From the line with "Curso de primeiros" through the line with "Wolf HD Wallpaper", repeat the entries verbatim, both end lines included, and add nothing.

Start of SOURCE MATERIAL

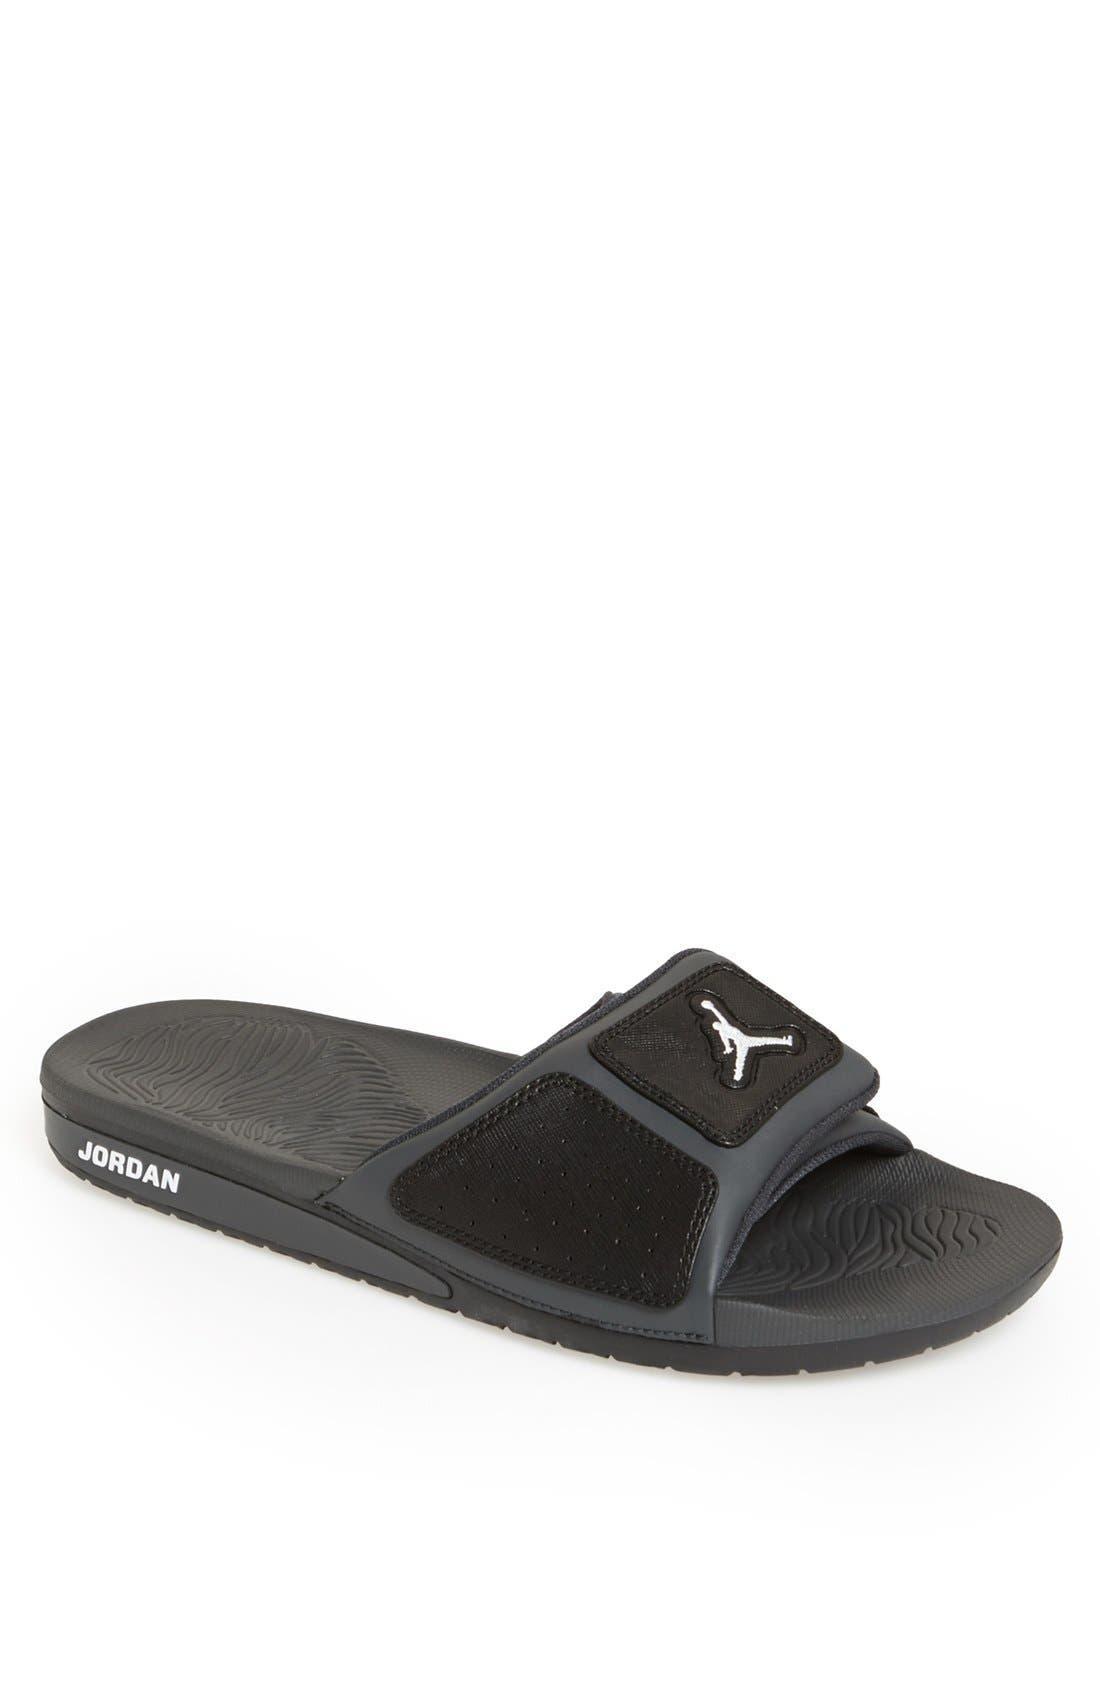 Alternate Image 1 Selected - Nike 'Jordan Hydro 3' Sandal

End of SOURCE MATERIAL
Start of SOURCE MATERIAL

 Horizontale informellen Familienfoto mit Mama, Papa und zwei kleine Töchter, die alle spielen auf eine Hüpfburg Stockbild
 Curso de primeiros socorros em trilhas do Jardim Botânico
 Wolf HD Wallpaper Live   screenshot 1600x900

End of SOURCE MATERIAL

**ANSWER BELOW**
 Curso de primeiros socorros em trilhas do Jardim Botânico
 Wolf HD Wallpaper Live   screenshot 1600x900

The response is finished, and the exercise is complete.